Make errors on the minority class MORE EXPENSIVE.
from sklearn.linear_model import LogisticRegression
from sklearn.ensemble import RandomForestClassifier
# Option 1: Automatic balancing
model = LogisticRegression(class_weight='balanced')
model.fit(X_train, y_train)
# Option 2: Manual weights
# Fraud errors are 100x more costly than normal errors
model = LogisticRegression(class_weight={0: 1, 1: 100})
model.fit(X_train, y_train)
# Works with many sklearn models!
rf = RandomForestClassifier(class_weight='balanced')
What class_weight='balanced' does:
weight = n_samples / (n_classes × n_samples_per_class)
For 9900 normal, 100 fraud:
Normal weight: 10000 / (2 × 9900) = 0.505
Fraud weight: 10000 / (2 × 100) = 50.0
Fraud errors now count 100x more!
Pros: No data manipulation, simple, no overfitting risk
Cons: Not all algorithms support it
Strategy 3: Change Your Algorithm
Some algorithms handle imbalance better than others.
Balanced Random Forest
from imblearn.ensemble import BalancedRandomForestClassifier
# Automatically balances each bootstrap sample
model = BalancedRandomForestClassifier(n_estimators=100, random_state=42)
model.fit(X_train, y_train)
Easy Ensemble
from imblearn.ensemble import EasyEnsembleClassifier
# Creates multiple balanced subsets and ensembles them
model = EasyEnsembleClassifier(n_estimators=10, random_state=42)
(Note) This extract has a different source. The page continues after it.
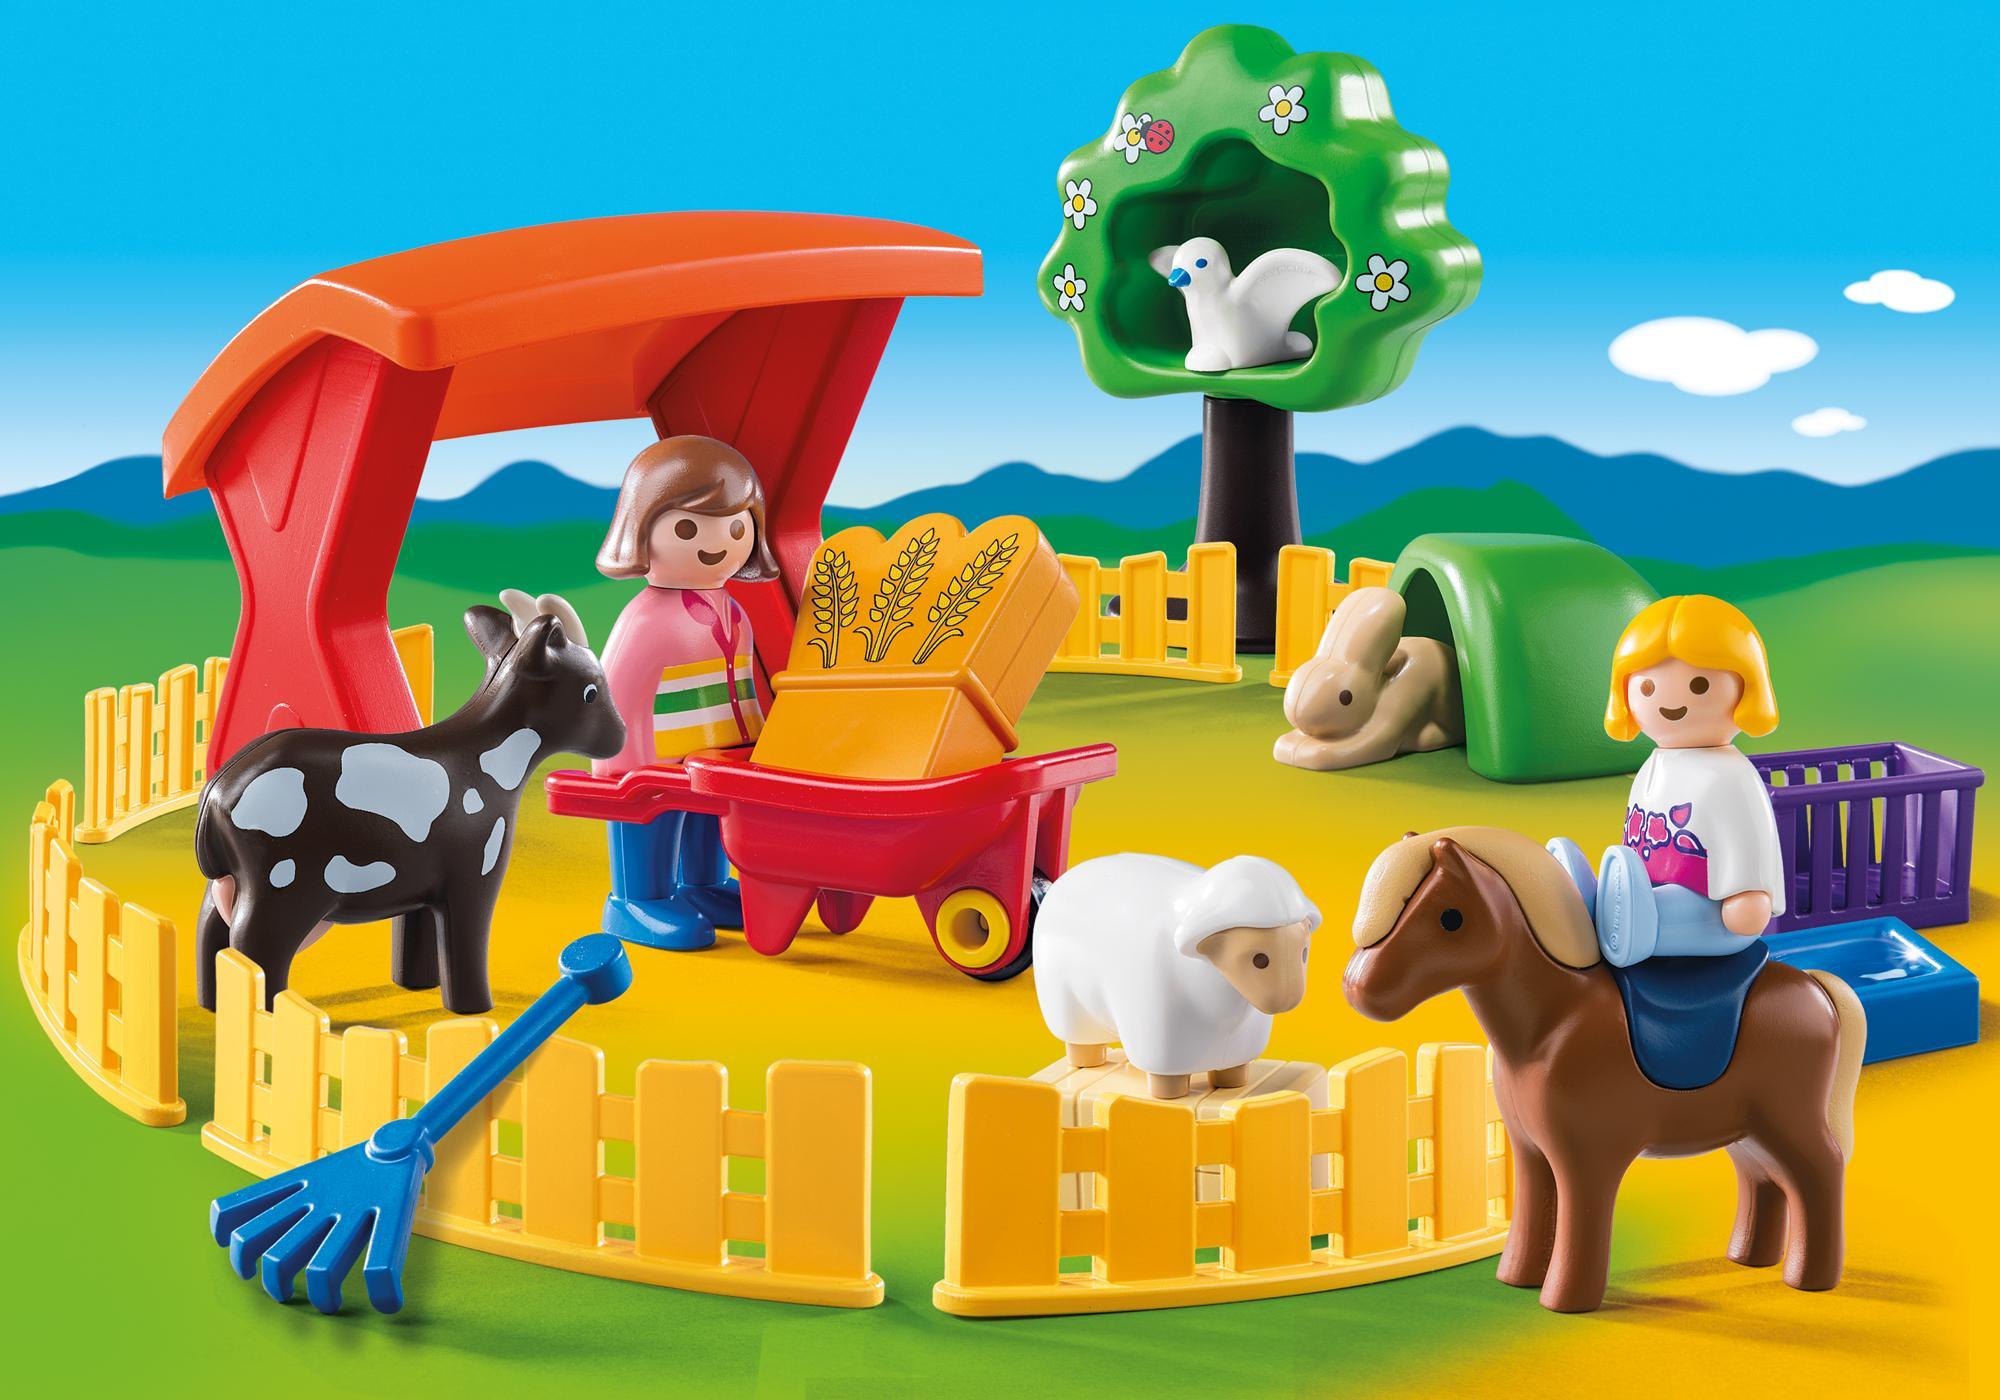 http://media.playmobil.com/i/playmobil/6963_product_detail/1.2.3 Recinto de Animales

model.fit(X_train, y_train)
RUSBoost (Random Under-Sampling + Boosting)
from imblearn.ensemble import RUSBoostClassifier
model = RUSBoostClassifier(n_estimators=100, random_state=42)
model.fit(X_train, y_train)
Strategy 4: Change Your Threshold
By default, models use 0.5 as the threshold:
probability >= 0.5 → Predict positive
probability < 0.5 → Predict negative
But who said 0.5 is right?
Lower the threshold to catch more of the minority class:
from sklearn.linear_model import LogisticRegression
import numpy as np
model = LogisticRegression()
model.fit(X_train, y_train)
# Get probabilities instead of predictions
y_proba = model.predict_proba(X_test)[:, 1]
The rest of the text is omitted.